A large Iranian delegation led by Intelligence Minister Heidar Moslehi visited Riyadh Monday, Dec. 12 and put a proposition before Crown Prince Nayef bin Abdulaziz: Why not bury the Saudi royal house's historic feud with the ayatollahs of Tehran and form an anti-US and anti-Zionist pact for leading the Middle East? The Iranians boasted that after the seizure of America's top secret drone technology by a successful cyber attack they must now be accepted as the superpower of the region.

Prince Nayef agreed to receive the delegation following a request from the office of Iran's Supreme Leader Ayatollah Ali Khamenei. Moslehi is one of his closest advisers and a leading antagonist of President Mahmoud Ahmadinejad who was not told about the visit.

debkafile's Iranian sources report that the Iranians pushed hard for a partnership with the Saudis on such issues as oil, Iraqi, Syria, Afghanistan, Lebanon and Yemen, on most of which Tehran and Riyadh are in direct collision. Saudi Arabia spearheads the Persian Gulf emirates' campaign to establish a bloc of Sunni Arab kings and rulers to fight off Iranian expansion and the influence of the Shiite Hizballah and Syria.

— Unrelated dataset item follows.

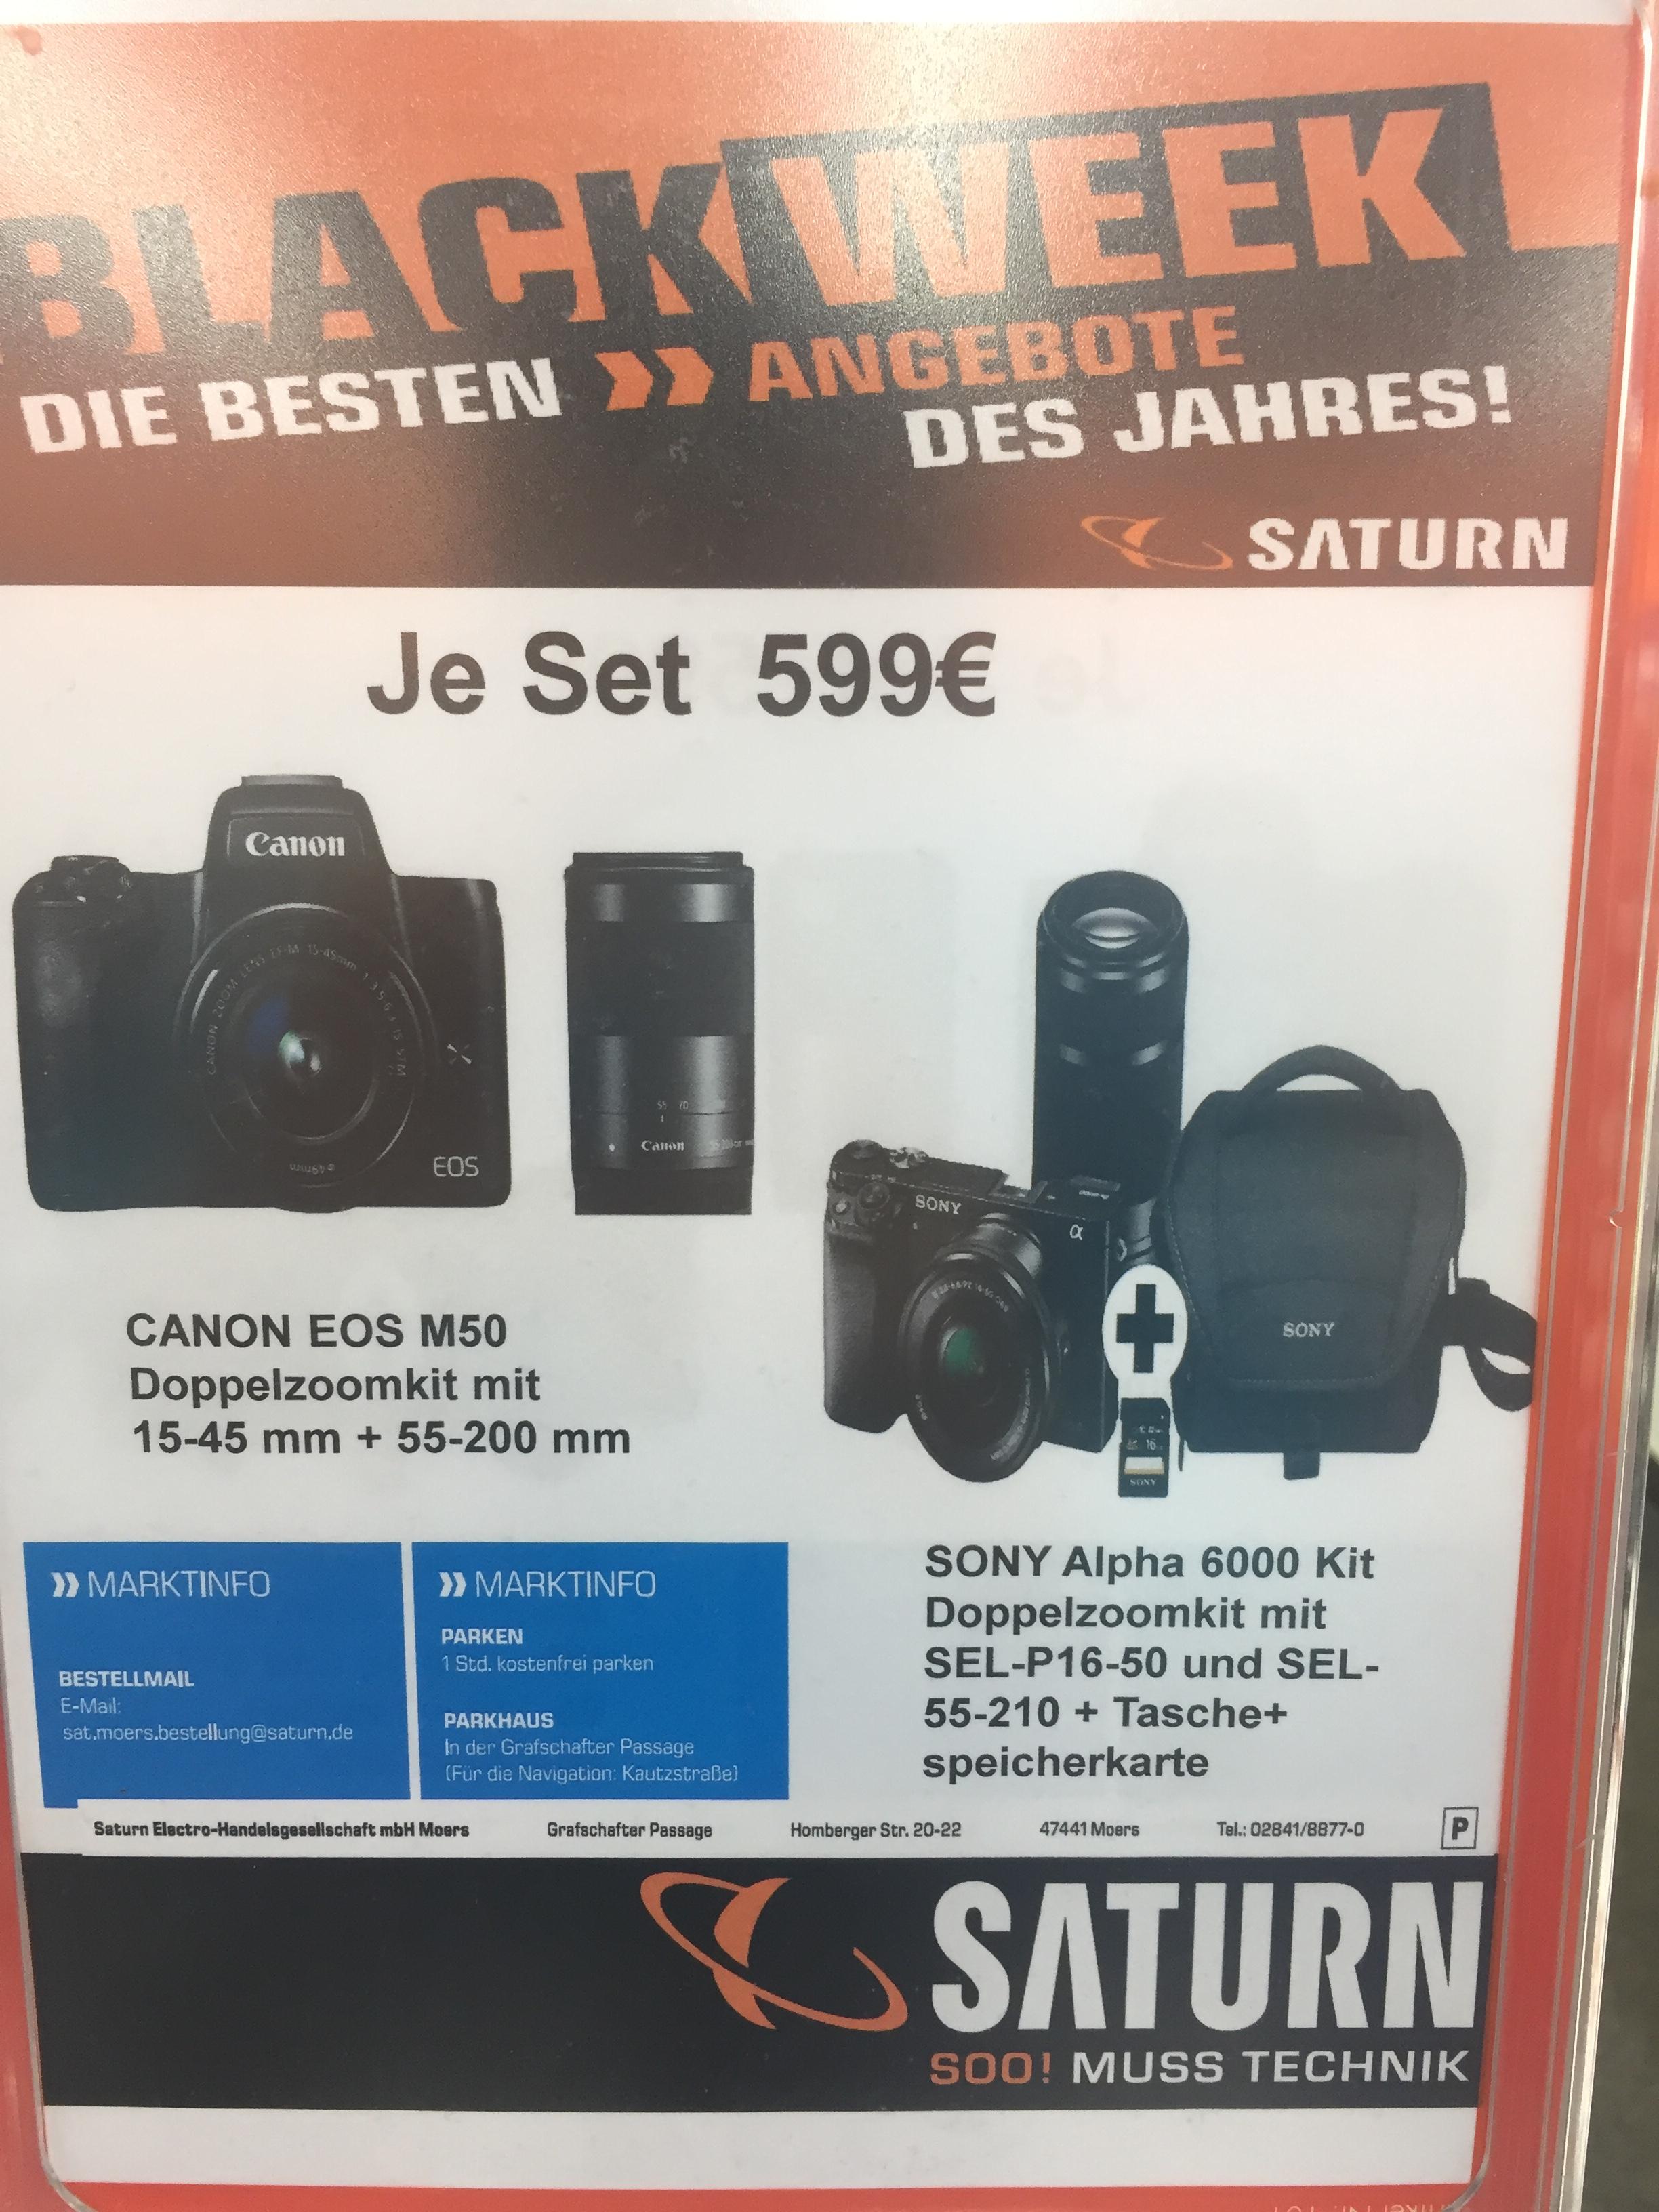 Canon EOS M50 Kit 15-45 mm + 55-200 mm oder SONY Alpha 6000 Kit Doppelzoomkit mit SEL-P16-50 und SEL-55-210 Reservierung möglich

The visitors to Riyadh pointed out that a Saudi-Iranian axis in the region would be strong enough to freeze out American and Turkish meddling in the Arab Revolt. It would draw its strength from the combination of Iranian military, intelligence and nuclear capabilities on the one hand and Saudi power and wealth on the other. For the sake of this pact, Moslehi said, Tehran was willing to share its nuclear program with Riyadh.

The Moslehi delegation represented high-ranking Iranian military and intelligence chiefs, while Prince Nayef was attended by the heads of Saudi intelligence services, including Director of General Intelligence Prince Muqrin bin Abdul Aziz.
The two figures conspicuously absent were the top men orchestrating the Arab Revolt and Iraq from opposite sides of the table: Saudi National Security Adviser Prince Bandar bin Sultan and commander of the Iranian Al Qods Brigades, Gen. Qassem Soleimani.

Bandar heads the apparatus funneling weapons, money and fighters to the Syrian opposition fighting President Bashar Assad, Tehran's senior ally, while Soleimani leads the counter-campaign for keeping the Assad regime extant.
Nevertheless, the Iranian visitor is reported by debkafile’s sources as explaining to his Saudi hosts that an understanding between them had been reached before and could be reached again. He referred to the May 2008 agreement on Lebanon known as the "Doha Accord," under which Iran, the Persian Gulf states and Syria agreed that the Lebanese crisis would end without winners and losers but with a power-sharing arrangement granting representation to all the country's adversarial forces, including Hizballah.

Tehran saw no reason why the same principle could not be applied to the Syrian crisis. The bloodshed and the horrors of civil war could be saved by bringing the opposition factions into the Damascus government.

In return for these understandings, Moslehi proposed an Iranian-Saudi deal for the future of Iraq following the American withdrawal. Iran, he said, was willing to guarantee the rights of Iraq's Sunni community and their participation in Nouri al-Maliki’s government in Baghdad.

Turning to the nuclear issue, debkafile’s military sources report the Iranian intelligence minister maintained that Tehran and Riyadh needn’t be rivals or develop separate nuclear programs, as proposed last week by Saudi Arabia's former intelligence chief, Prince Turki al-Faisal. Turki said that if Iran continued with its weapons of mass destruction program, the Persian Gulf states (including Saudi Arabia) would have no choice but to develop their own. Tehran, said Moslehi, was ready to open up its nuclear program, like its space program, to Saudi participation.

Our sources report that Crown Prince Nayef promised to bring the Iranian proposals before the king and senior princes and have an answer ready soon.

But Riyadh was ready sooner than expected with a response. Before even addressing their overture, Nayef acted to take the Iranians down a peg or two from their self-appointed military and intelligence superpower status.

In a broadcast Tuesday, the day after the Iranian visit, the Saudi television network Al Arabiya attributed the explosion at the Moadarress Iranian missile base in the Malard region west of Tehran on Saturday, December 10, to an assassination plot against Ayatollah Khamenei (which was first reported by DEBKA-Net-Weekly 519 on Dec. 2).

Khamenei’s son Mojtaba and senior Revolutionary Guard officers were described in the broadcast as having been detained and questioned in connection with the plot.

This TV item informed Tehran exactly how high the Saudis rate Iran's regional standing and the stability of its government.